Monday, Aug. 30, 1943
Engaged. Martha O'Driscoll, 21, Tulsa-born cinema blonde ("Daisy Mae" in Lil Abner); and Lieut. Commander Richard Donald Adams, 34, flat-top chief engineer; in Los Angeles.
Engaged. Lieut. Rudy Vallee, 42, Coast Guard bandmaster; and Bettejane Greer, 18, model, his film-singer protegee; in Hollywood. Cinemactress Fay Webb, the crooner's second wife, divorced him in 1936, died the same year.
Married. Maria Sieber, 18, daughter of Marlene Dietrich and Rudolf Sieber, onetime Berlin movie director; and Dean Goodman, 23, drama student, department-store employe; in Los Angeles.
Married. Ensign Evan Welling Thomas II, 23, son of Socialist Norman Thomas; and Anna Davis Robins, 18, daughter of Hewitt Rubber Co. President Thomas Robins Jr.; in Buffalo.

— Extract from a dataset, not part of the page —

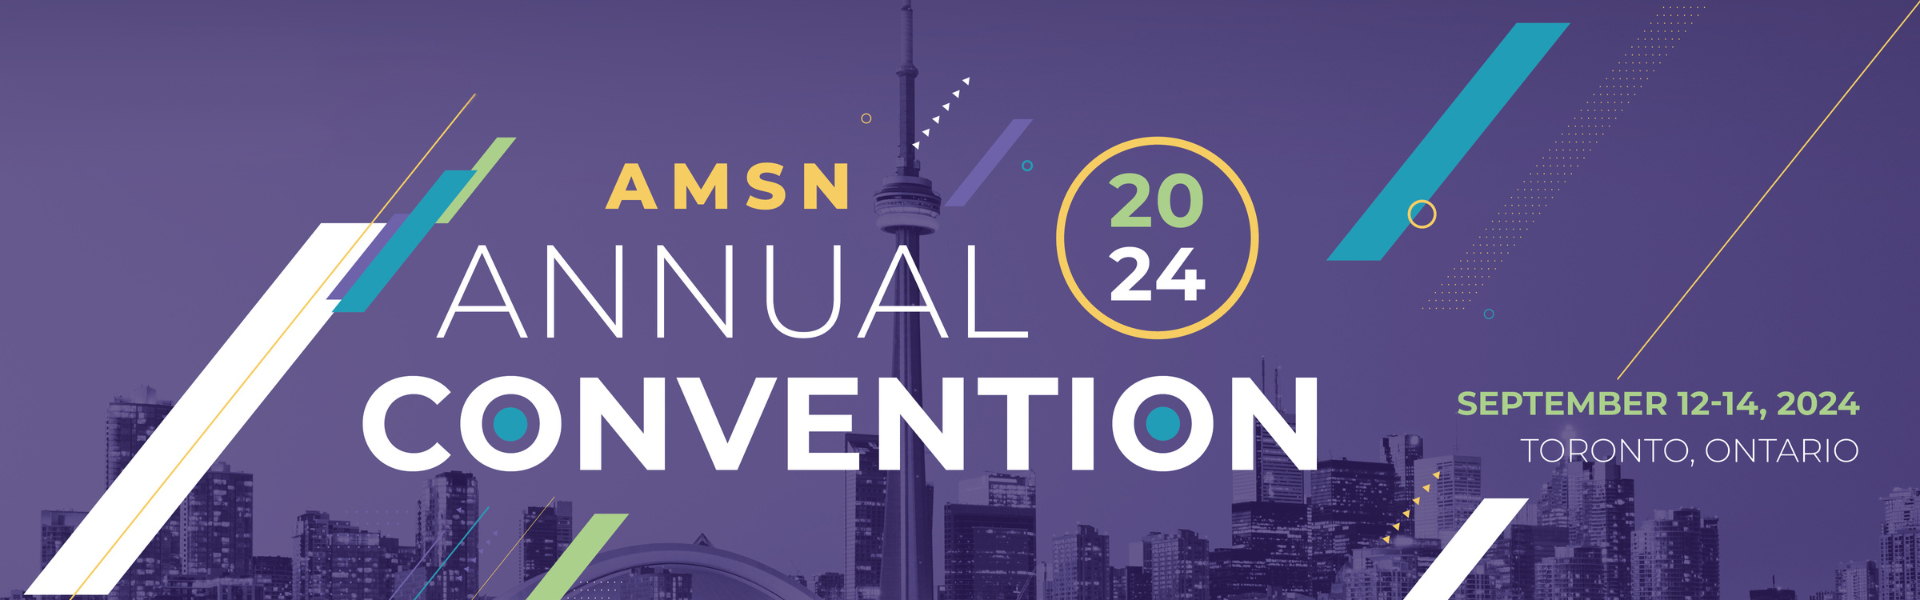 AMSN Annual Convention 2024

Married. Alice Barr Dollar, 52, granddaughter of "Captain" Robert Dollar, San Francisco's rags-to-riches shipowner; and Curtiss Hayden, 25, salesman; in Manhattan.
Missing in Action. Air Forces Lieut. Colonel Charles Greening, Tokyo raider credited with devising the 20-c- bombsight that was used lest a Norden fall in Jap hands; in a raid over Italy.

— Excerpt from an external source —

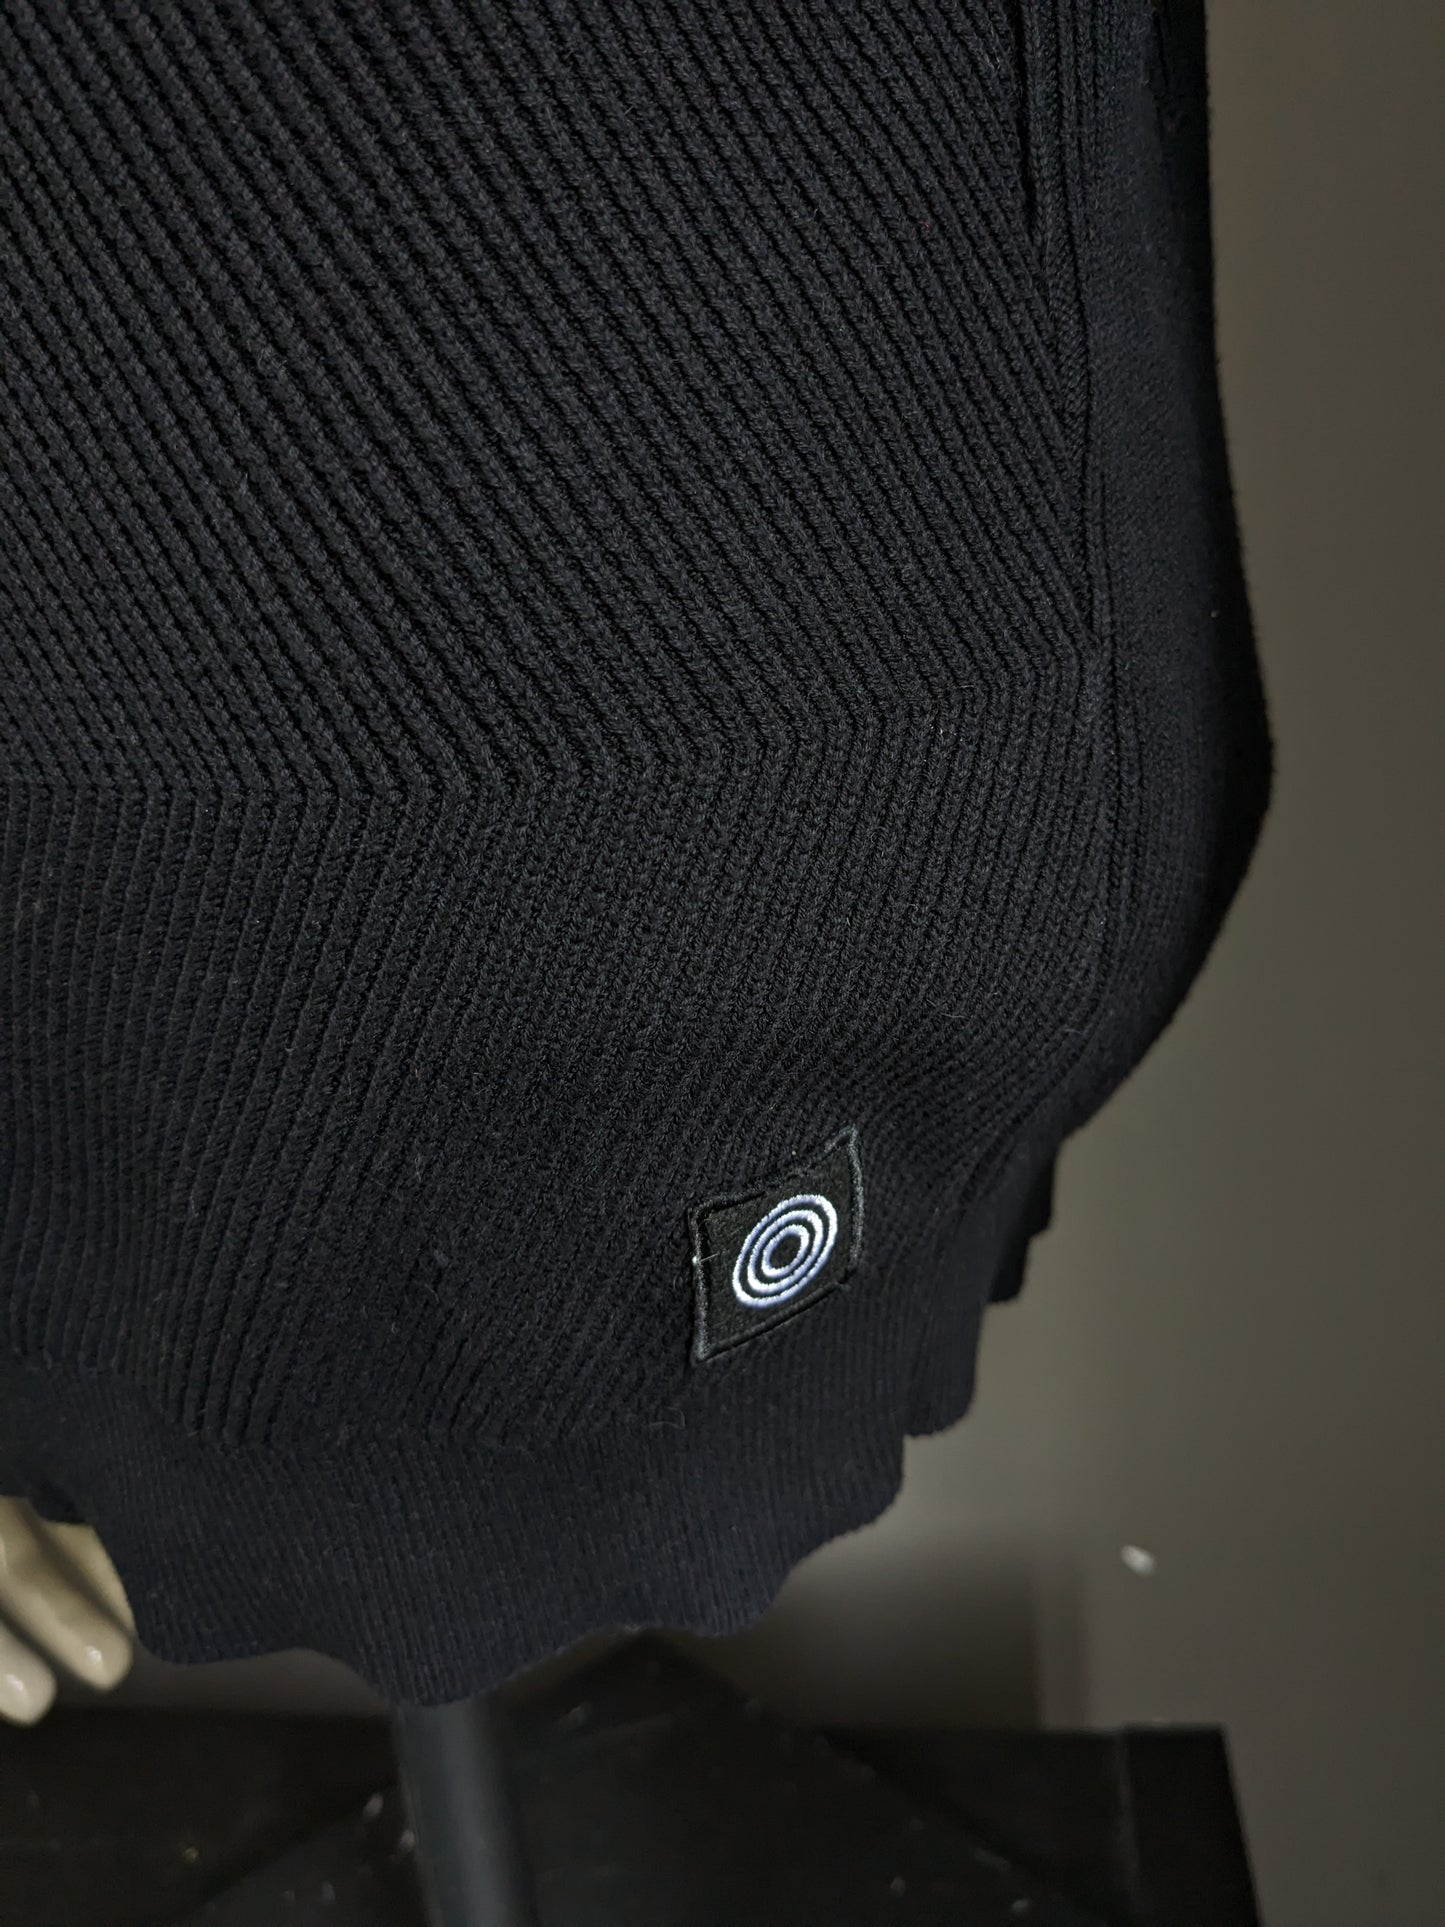 Maglione industriale blu con colletto sportivo. Moto di costola nera. Taglia M.

Died. Colonel General Hans Jeschonnek, 44, since 1939 chief of staff of the German air forces; "of a serious illness"; at Reich Marshal Hermann Goering's headquarters. A World War I lieutenant at 15, one of Corporal Hitler's youngest generals, he planned the Luftwaffe's Polish knockout.
Died. Sir Frederick Phillips, 58, joint second secretary of the British Treasury; in London. Suave, Cambridgeman Phillips had been a Treasury fixture since 1908, visited the U.S. in '1940 to help organize fallen France's and fighting Britain's credits in America.
Died. Abraham Merritt, 59, editor Hearst's American Weekly; of a heart ailment ; in Indian Rock Beach, Fla. An associate editor of the Weekly since 1912, Scientifictioneer Merritt became editor in 1937; since then the Sunday supplement's circulation has grown from 6,000,000 to almost 8,000,000. On the side he was a cold-sweat novelist (Seven Footprints to Satan) and a garden cultivator of mandrake, monkshood and other varieties of backyard deliriants.
Died. William Lyon Phelps, 78, famed Yale teacher, writer, lecturer; two months after a stroke; in New Haven (see p. 56).